Let $X_n\sim \text{Poi}(\lambda_n)$, with $X_i$'s independent and $\sum\limits_{n=1}^\infty\lambda_n=\infty.$ Define $S_n=\sum\limits_{i=1}^nX_i$ . Is it true that $${S_n\over \Bbb E (S_n)}$$ converges in probability?
I don't know what it converges to, but I guess it should be $1$.

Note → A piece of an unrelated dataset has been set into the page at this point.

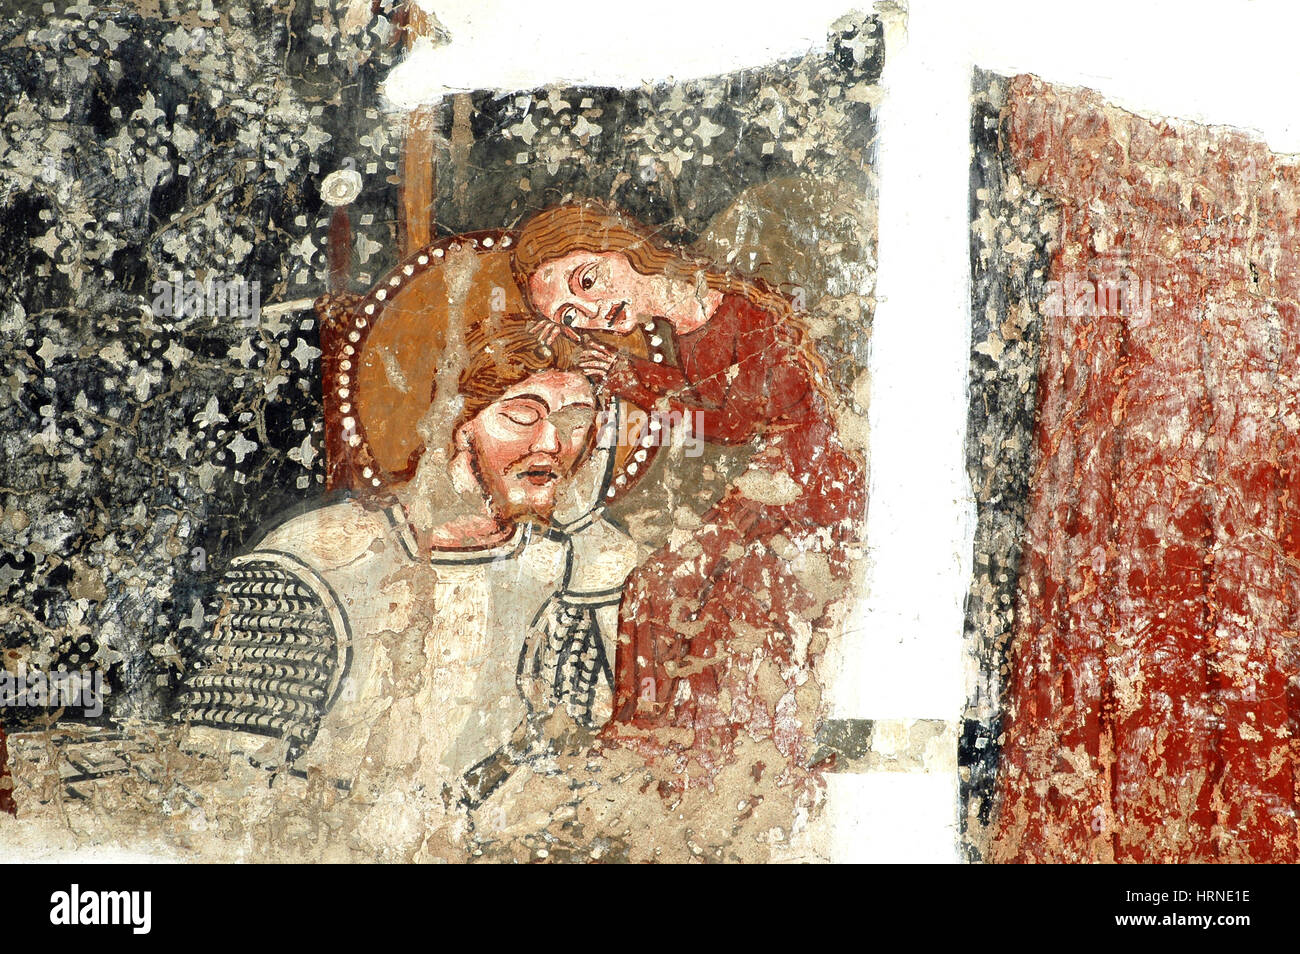 DARJIU, Roumanie - 12 MAI 2008 : Le 13ème siècle, peintures murales de l'église de Szekelyderzs, découvert lors d'une restauration, présente dans la légende du pendu Banque D'Images

Yes, your guess is correct. Since the sum of independent Poisson r.v.'s is again Poisson with parameter the sum of the parameters, you know that $$σ^2_n=\text{Var}(S_n)=\mathbb E[S_n]=\sum_{k=1}^nλ_n$$ and hence by Chebyshev's inequality \begin{align}P\left(\left|\frac{S_n}{\mathbb E[S_n]}-1\right|\ge\epsilon\right)&=P\left(\left|S_n-\mathbb E[S_n]\right|\ge σ_n^2\epsilon\right)\\[0.3cm]&=P\left(\left|S_n-\mathbb E[S_n]\right|\ge σ_n\cdot(σ_n\epsilon)\right)\le^{\text{Chebyshev's inequality}}\\[0.3cm]&\le\frac{1}{(σ_n\epsilon)^2}=\frac{1}{\epsilon^2\sum_{k=1}^nλ_k}\longrightarrow 0\end{align} as $n\to\infty$ for any $\epsilon >0$.